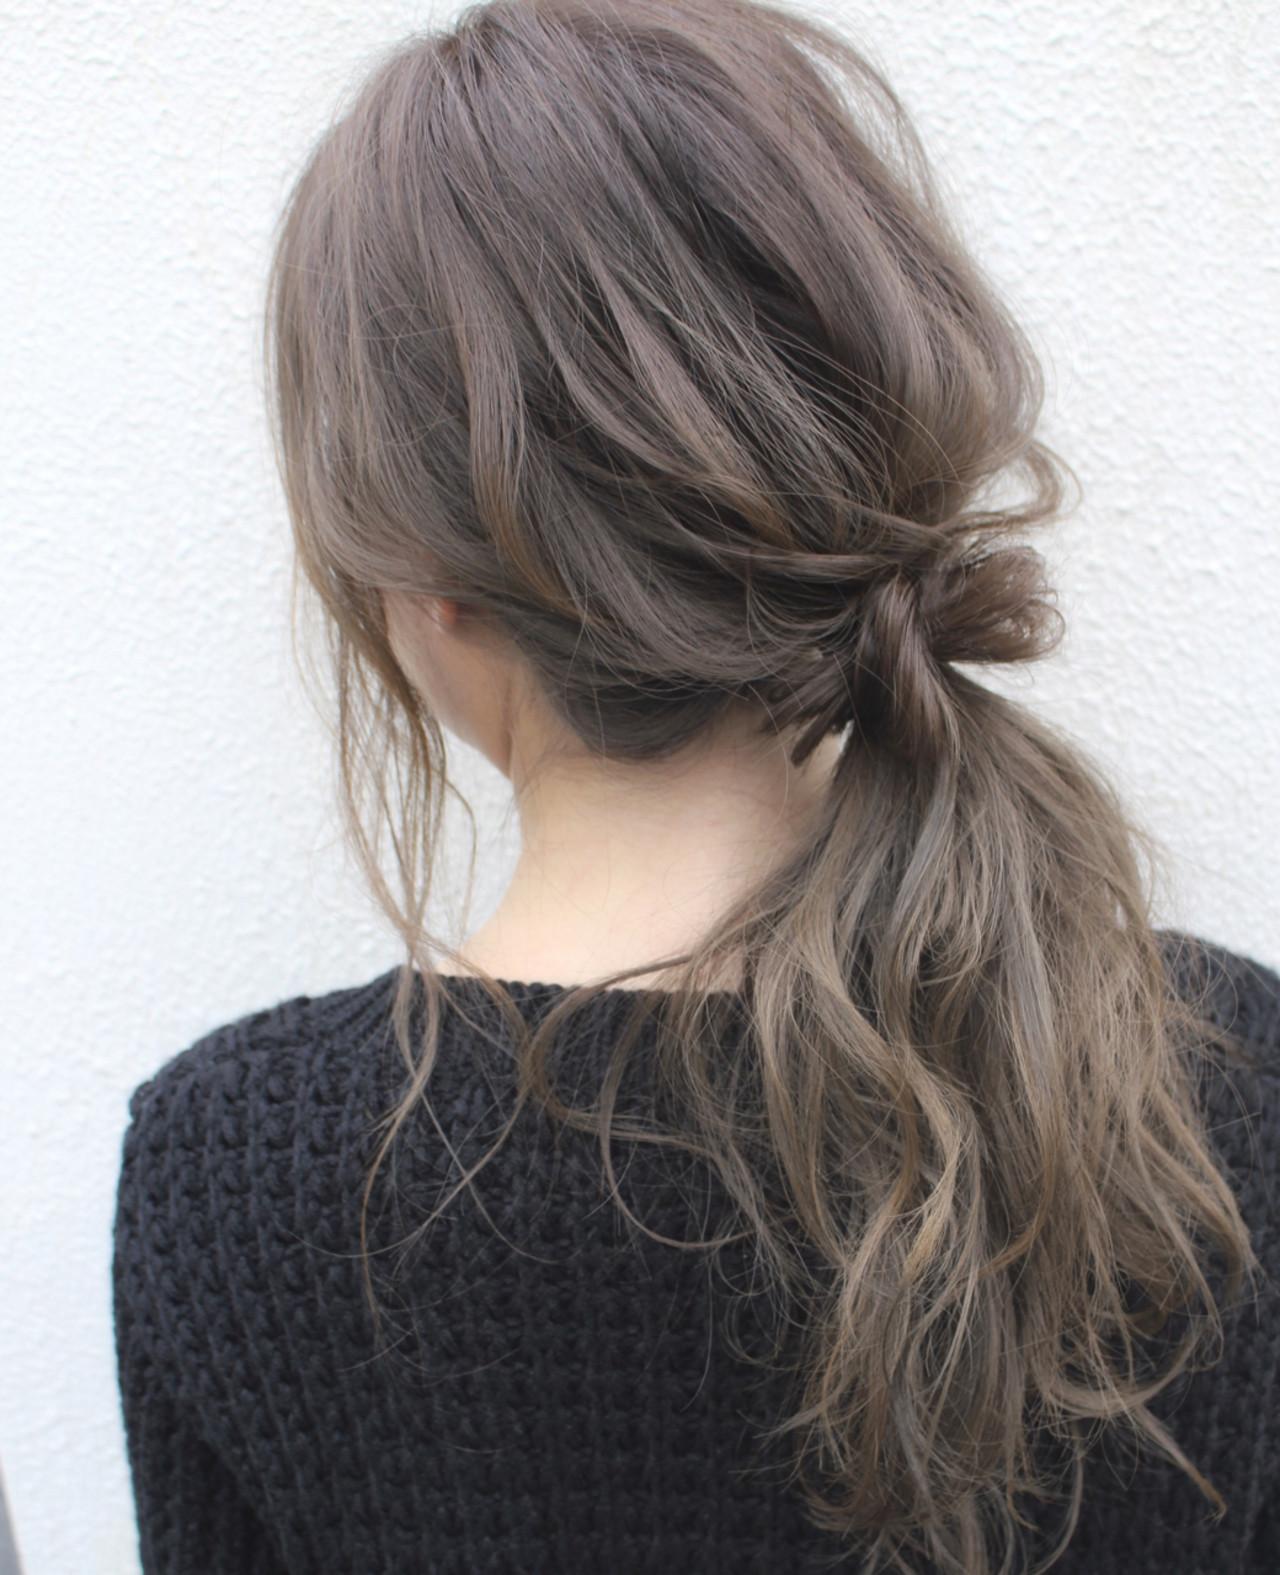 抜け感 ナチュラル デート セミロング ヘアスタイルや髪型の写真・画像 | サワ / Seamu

...

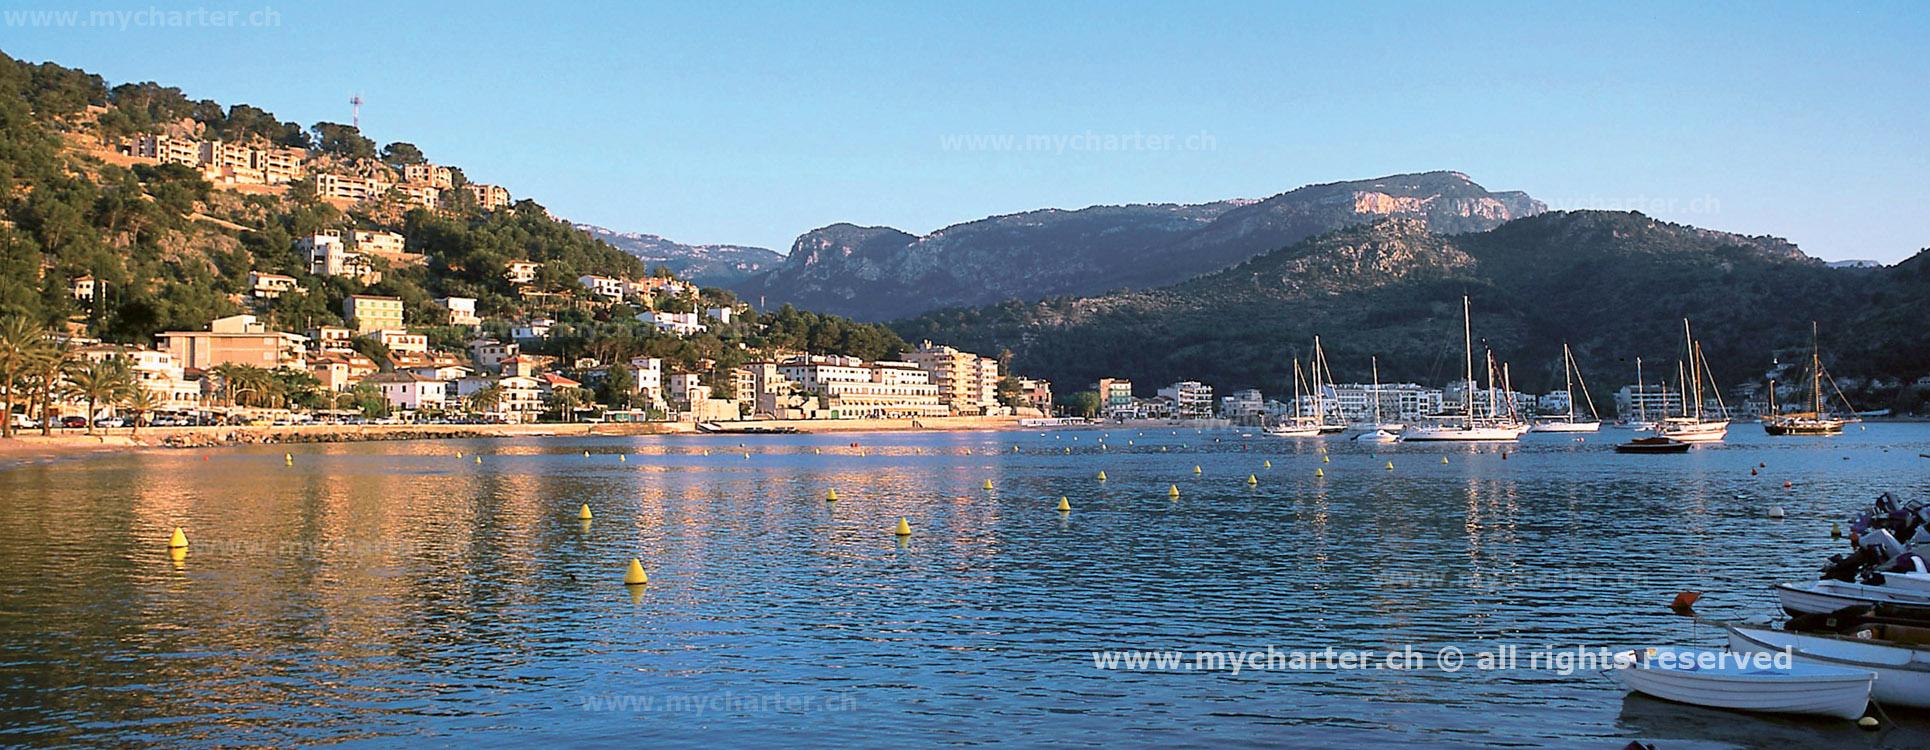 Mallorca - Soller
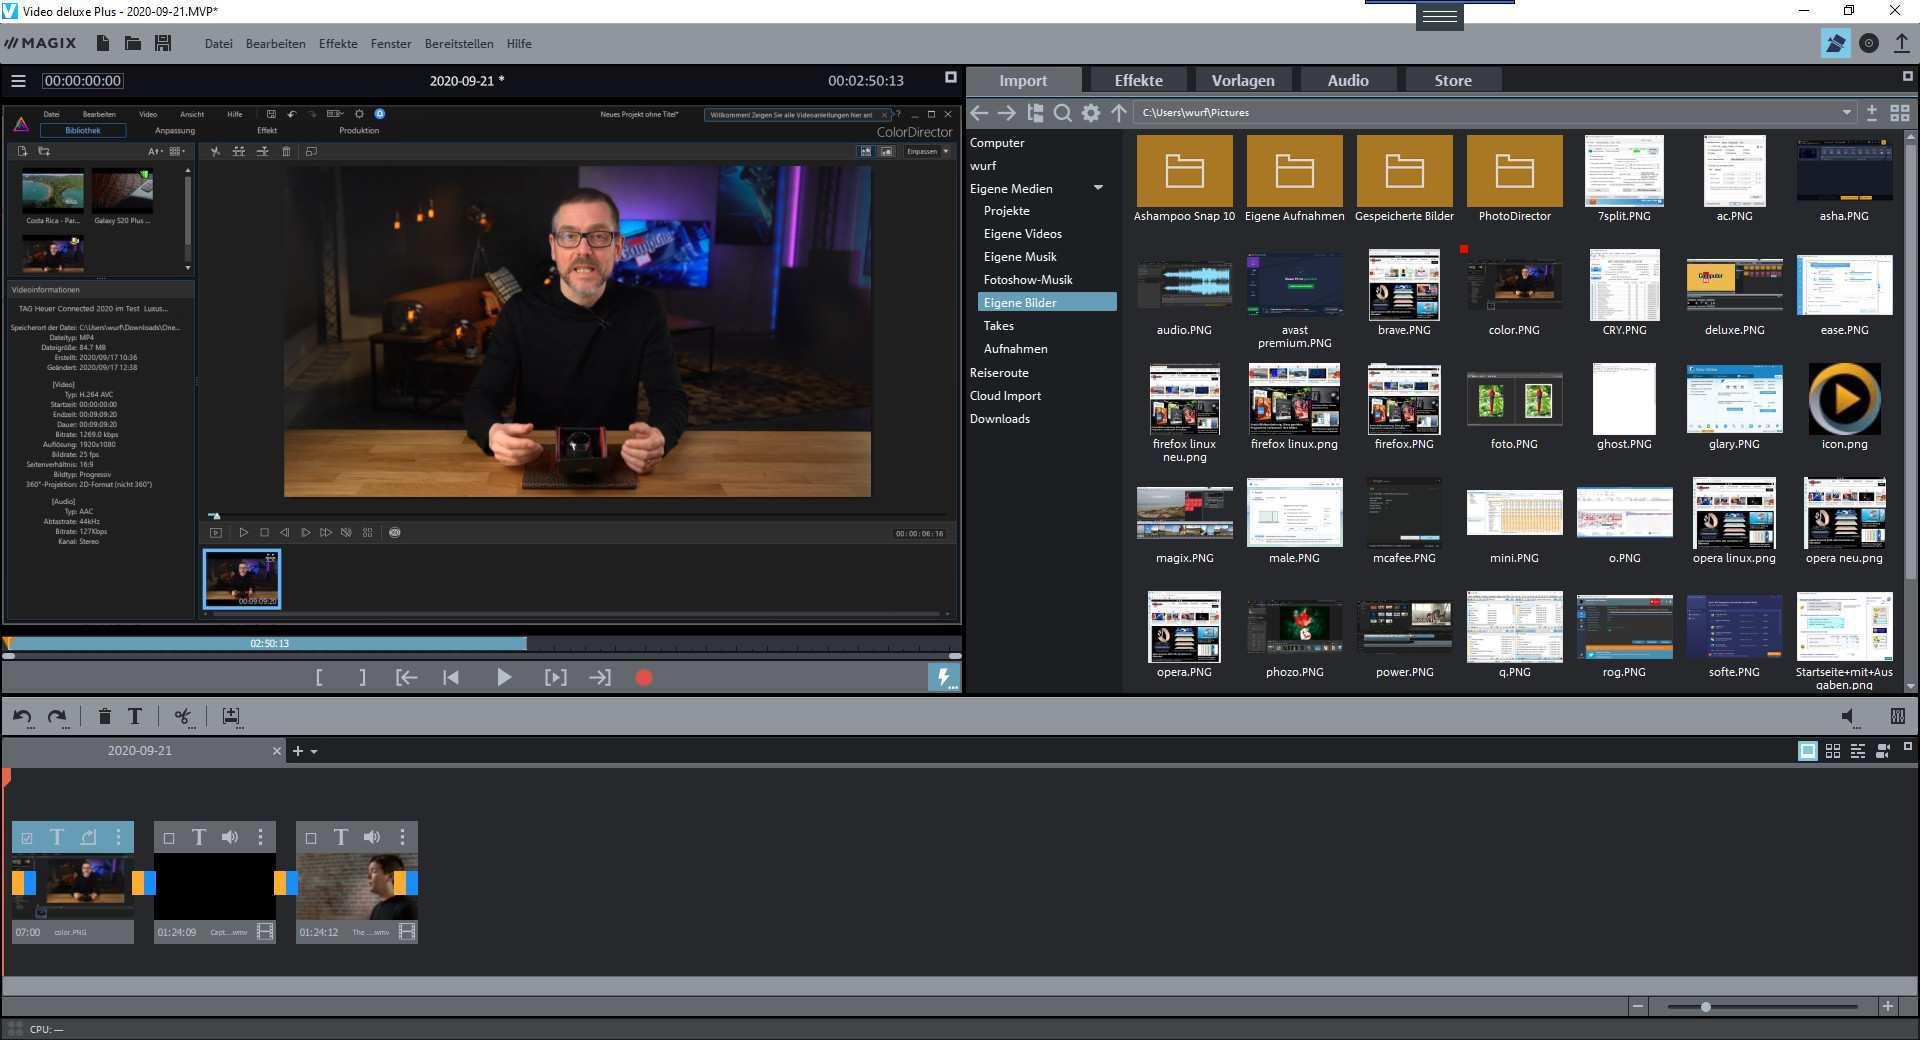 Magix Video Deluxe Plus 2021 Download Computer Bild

Goal of the exercise:
Copy only the lines above from the one containing "Mallorca - Soller" through the one containing "Magix Video Deluxe", both included. Leave out the pictures.

Response to this task:
 Mallorca - Soller
 Magix Video Deluxe Plus 2021 Download Computer Bild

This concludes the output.